Kubernetes install guide

This install guide explains how to deploy Varnish Cache on Kubernetes using the official Helm chart.

Install the Helm chart

You can install the Heml chart on your Kubernetes cluster by running the following helm install command:

helm install varnish oci://docker.io/varnish/varnish-cache

This command will deploy Varnish on the Kubernetes cluster that was configured in the active context of your kubectl client. Run kubectl config current-context to see what that context is.

While there is a set of default configuration values, it does make sense to specify a values.yaml file to override the standard configuration:

helm install varnish -f values.yaml oci://docker.io/varnish/varnish-cache

Set backend host and port

Backends are set in your VCL file, but our Helm chart allows you to set the backend with environment variables:

  • VARNISH_BACKEND_HOST: the host of the service that Varnish fetches from
  • VARNISH_BACKEND_PORT: the port number of the service that Varnish fetches from

These environment variables can be set in the values.yaml file with the following settings:

---
server:
  extraEnvs:
    VARNISH_BACKEND_HOST: "example.default.svc.cluster.local"
    VARNISH_BACKEND_PORT: "80"

This configuration will allow Varnish to connect to a Kubernetes service named example that lives within the default namespace of the Kubernetes cluster.

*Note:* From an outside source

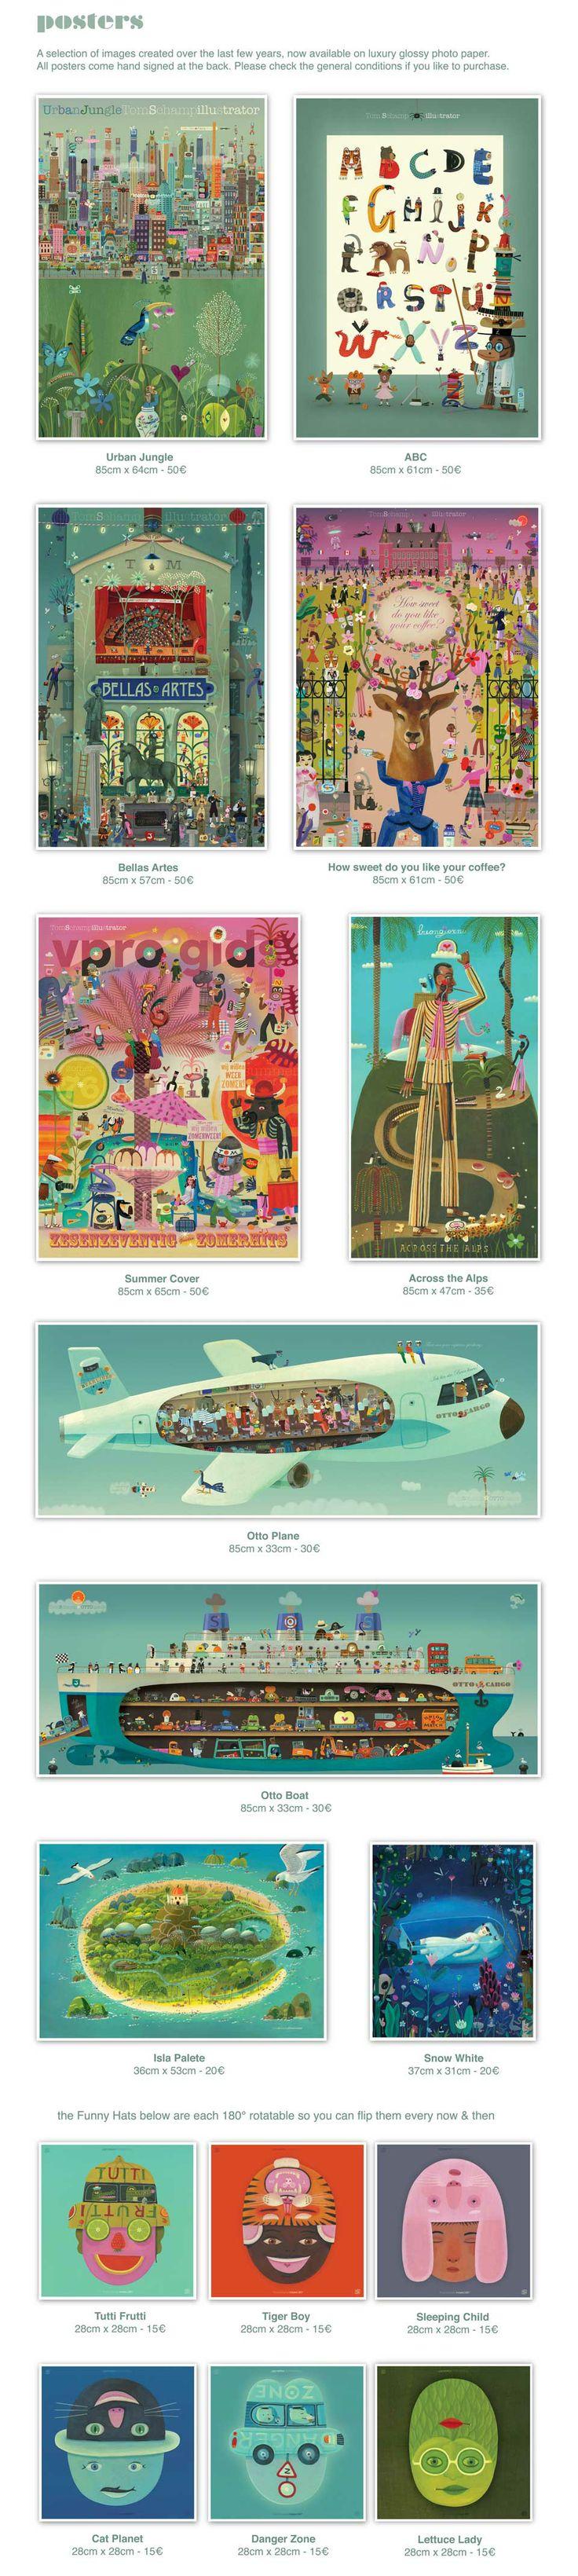 Tom Schamp | Posters

These environment variables can also be set on the command line. Here’s an example of a helm install command containing the extra environment variables:

helm install varnish \
  oci://docker.io/varnish/varnish-cache \
  --set server.extraEnvs.VARNISH_BACKEND_HOST=example.default.svc.cluster.local \
  --set server.extraEnvs.VARNISH_BACKEND_PORT=80

Custom VCL file

The VARNISH_BACKEND_HOST and VARNISH_BACKEND_PORT are shortcuts to modify the behavior of Varnish and are included in the VCL file. You can even define a custom VCL file and tune the behavior of Varnish to your exact needs.

Inline VCL

You can define inline VCL by setting the server.vclConfig setting in values.yaml. Here’s what that looks like:

---
server:
  vclConfig: |
    vcl 4.1;

    backend default {
      .host = "example.default.svc.cluster.local";
      .port = "80";
    }

    sub vcl_recv {
      if(req.url ~ "^/admin(/|$)") {
        return (pass);
      }
    }

    sub vcl_backend_fetch {
      set bereq.http.Host = "www.example.com";
    }

This VCL configuration lets Varnish connect to the example Kubernetes service through example.default.svc.cluster.local on port 80. The configuration also sends a custom Hosts header to the backend to ensure the www.example.com hostname is matched. And finally the config bypasses the cache if the URL is /admin or a subordinate resource of admin.

Load VCL from a ConfigMap

A cleaner and more flexible way to define a custom VCL file is through a Kubernetes ConfigMap.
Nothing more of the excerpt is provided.